American Mathematics contest 10 (AMC 10) - Combinatorics problems

 Try these AMC 10 Combinatorics Questions and check your knowledge!

AMC 10A, 2020, Problem 9

A single bench section at a school event can hold either $7$ adults or $11$ children. When $N$ bench sections are connected end to end, an equal number of adults and children seated together will occupy all the bench space. What is the least possible positive integer value of $N?$

$\textbf{(A) } 9 \qquad \textbf{(B) } 18 \qquad \textbf{(C) } 27 \qquad \textbf{(D) } 36 \qquad \textbf{(E) } 77$

AMC 10A, 2020, Problem 15

A positive integer divisor of $12!$ is chosen at random. The probability that the divisor chosen is a perfect square can be expressed as $\frac{m}{n}$, where $m$ and $n$ are relatively prime positive integers. What is $m+n$?

$\textbf{(A)}\ 3\qquad\textbf{(B)}\ 5\qquad\textbf{(C)}\ 12\qquad\textbf{(D)}\ 18\qquad\textbf{(E)}\ 23$

AMC 10A, 2020, Problem 19

As shown in the figure below, a regular dodecahedron (the polyhedron consisting of $12$ congruent regular pentagonal faces) floats in space with two horizontal faces. Note that there is a ring of five slanted faces adjacent to the top face, and a ring of five slanted faces adjacent to the bottom face. How many ways are there to move from the top face to the bottom face via a sequence of adjacent faces so that each face is visited at most once and moves are not permitted from the bottom ring to the top ring?
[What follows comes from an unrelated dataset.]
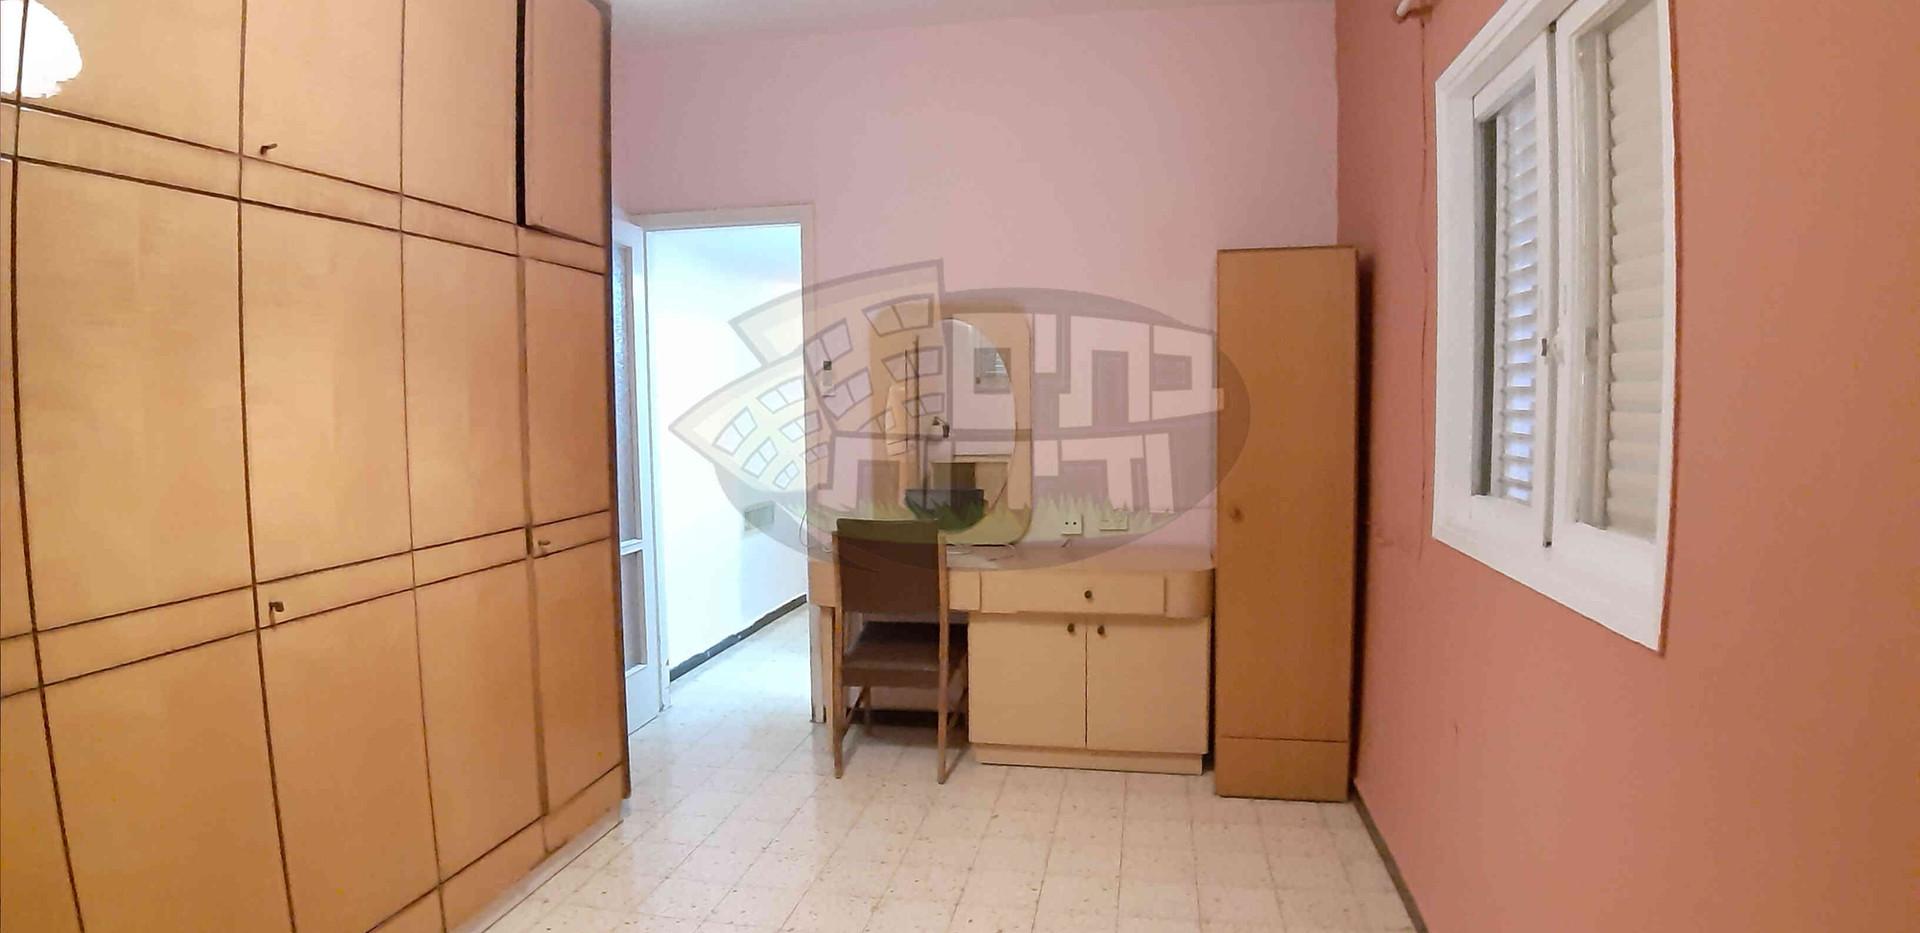 להשכרה 3 חדרים (15).jpg

$\textbf{(A) } 125 \qquad \textbf{(B) } 250 \qquad \textbf{(C) } 405 \qquad \textbf{(D) } 640 \qquad \textbf{(E) } 810$

AMC 10A, 2019, Problem 14

For a set of four distinct lines in a plane, there are exactly $N$ distinct points that lie on two or more of the lines. What is the sum of all possible values of $N$?
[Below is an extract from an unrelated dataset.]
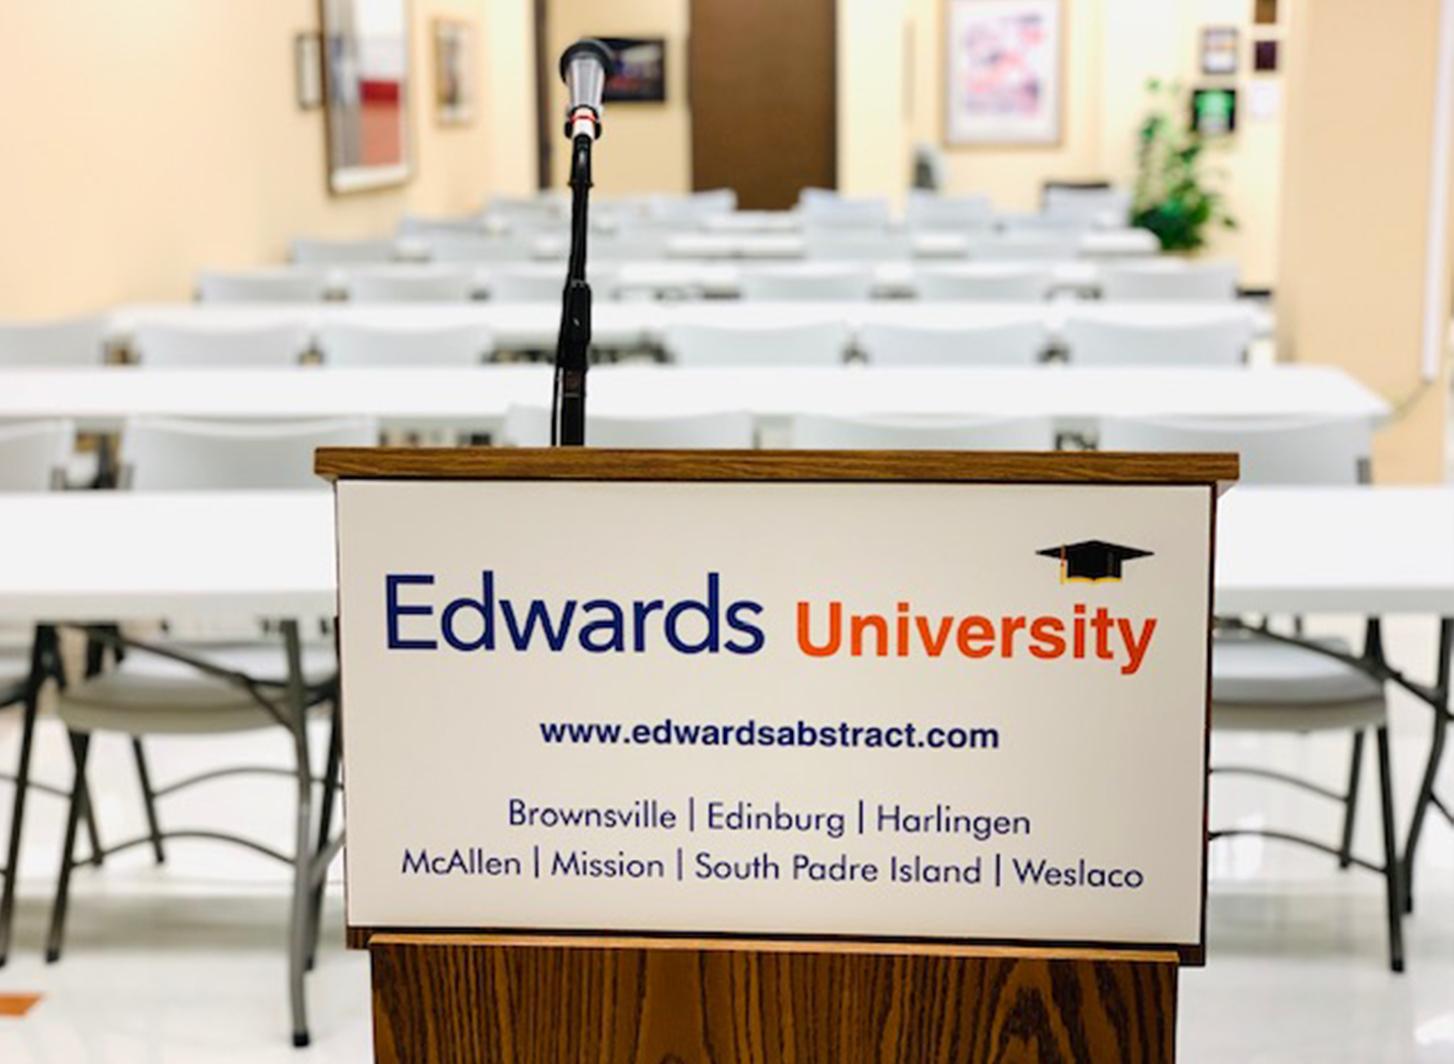 edwarduniversity

$\textbf{(A) } 14 \qquad \textbf{(B) } 16 \qquad \textbf{(C) } 18 \qquad \textbf{(D) } 19 \qquad \textbf{(E) } 21$

AMC 10A, 2019, Problem 17

A child builds towers using identically shaped cubes of different colors. How many different towers with a height $8$ cubes can the child build with $2$ red cubes, $3$ blue cubes, and $4$ green cubes? (One cube will be left out.)
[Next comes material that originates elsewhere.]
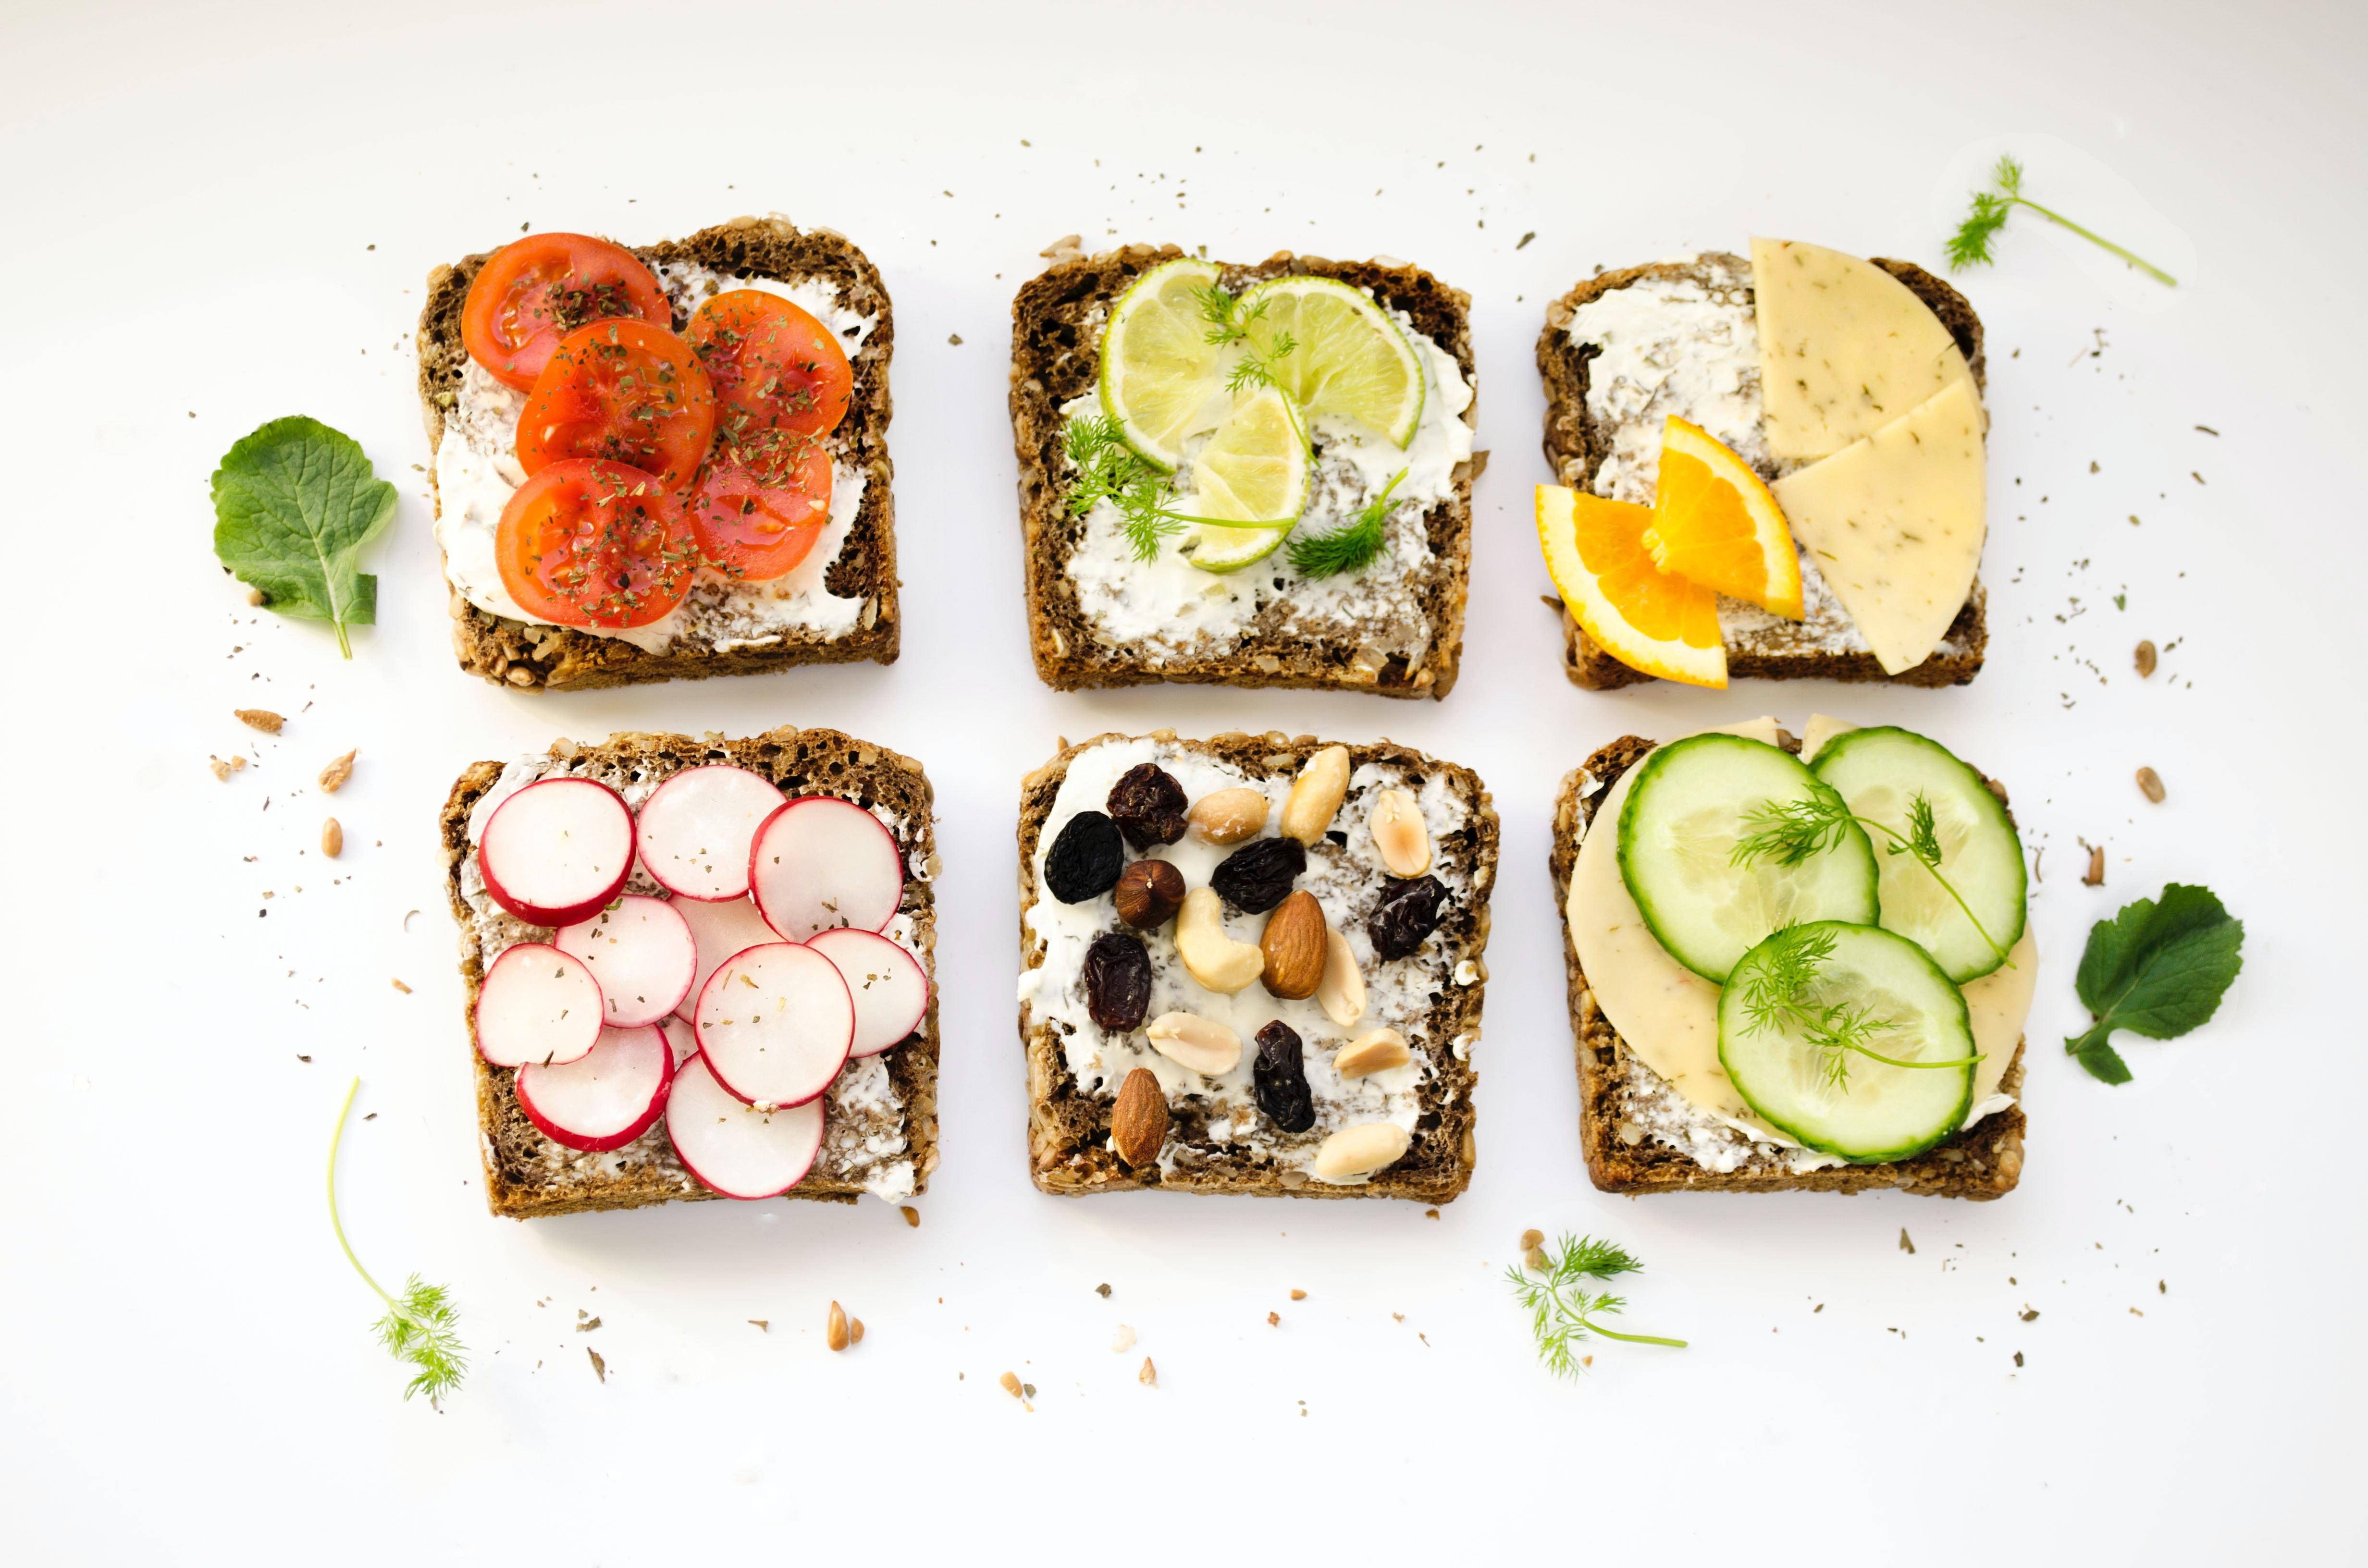 Ernährung im Pflegeheim: Für jeden was dabei: Wer die Wahl hat, empfindet mehr Genuss (Foto: Ola Mishchenko/Unsplash)

$\textbf{(A) } 24 \qquad\textbf{(B) } 288 \qquad\textbf{(C) } 312 \qquad\textbf{(D) } 1,260 \qquad\textbf{(E) } 40,320$

AMC 10A, 2019, Problem 20

The numbers $1,2,\dots,9$ are randomly placed into the $9$ squares of a $3 \times 3$ grid. Each square gets one number, and each of the numbers is used once. What is the probability that the sum of the numbers in each row and each column is odd?

$\textbf{(A) }\dfrac{1}{21}\qquad\textbf{(B) }\dfrac{1}{14}\qquad\textbf{(C) }\dfrac{5}{63}\qquad\textbf{(D) }\dfrac{2}{21}\qquad\textbf{(E) }\dfrac{1}{7}$

 

 

AMC 10A, 2018, Problem 4

How many ways can a student schedule 3 mathematics courses — algebra, geometry, and number theory — in a 6-period day if no two mathematics courses can be taken in consecutive periods? (What courses the student takes during the other 3 periods is of no concern here.)

$\textbf{(A) }3\qquad\textbf{(B) }6\qquad\textbf{(C) }12\qquad\textbf{(D) }18\qquad\textbf{(E) }24$